Over the long run of history, the most effective opponents of excessive wealth and privilege have not normally been city dwellers, workers or unions. Instead, they have usually been those with close links to food and the land, what we would now identify as the food movement.

Even today, in more than a few countries, food is the organizing principle behind the main challengers of existing power structures. In El Salvador, the national coordinator of its Organic Agriculture Movement (MAOES) is Miguel Ramirez who recently explained:

We say that every square meter of land that is worked with agro-ecology is a liberated square meter. We see it as a tool to transform farmers' social and economic conditions. We see it as a tool of liberation from the unsustainable capitalist agricultural model that oppresses farmers.

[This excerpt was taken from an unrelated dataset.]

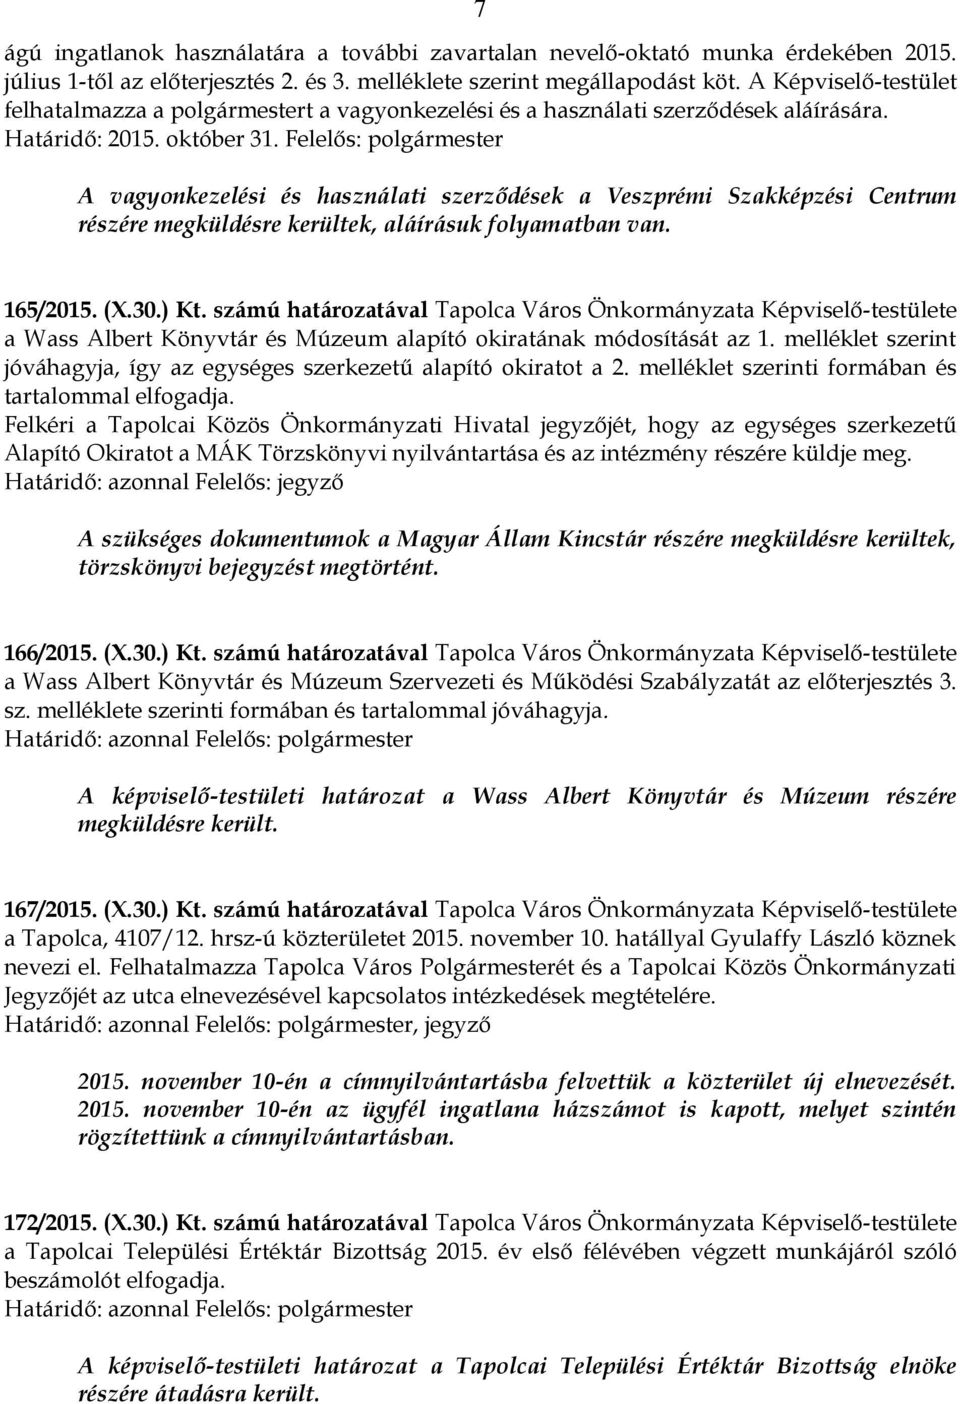 Felelős: polgármester A vagyonkezelési és használati szerződések a Veszprémi Szakképzési Centrum részére megküldésre kerültek, aláírásuk folyamatban van. 165/2015. (X.30.) Kt.

According to Ramirez, the Salvadoran organic agriculture movement wants much more than improved farming. It is seeking enhanced political rights, long-term ecological sustainability, social equity and popular health. Ramirez calls it "this titanic but beautiful struggle, to reclaim the lives of all Salvadorans."

They may be small farmers, but they have a grand ambition. This ambition is even shared worldwide. But how realistic is it? Are they right to imagine food and farming are the missing vehicle for transformative social change?

The question is timely. Not long ago, The New York Times asserted that the center aisles of US supermarkets are being called "the morgue" because sales of junk food are crashing; meanwhile, an international consultant told Bloomberg magazine that "there's complete paranoia" at major food companies where food movements are being taken very seriously.

Food movements are rapidly growing across the world. In the US alone, there have been surges of interest in heirloom seeds, in craft beers, in traditional bread and baking, in city garden plots, in organic food and in opposition to GMOs. Simultaneously, there has been a massive growth of interest in food on social media and the initiation or renewal of institutions, such as Slow Food USA and the Grange movement, to name just a few.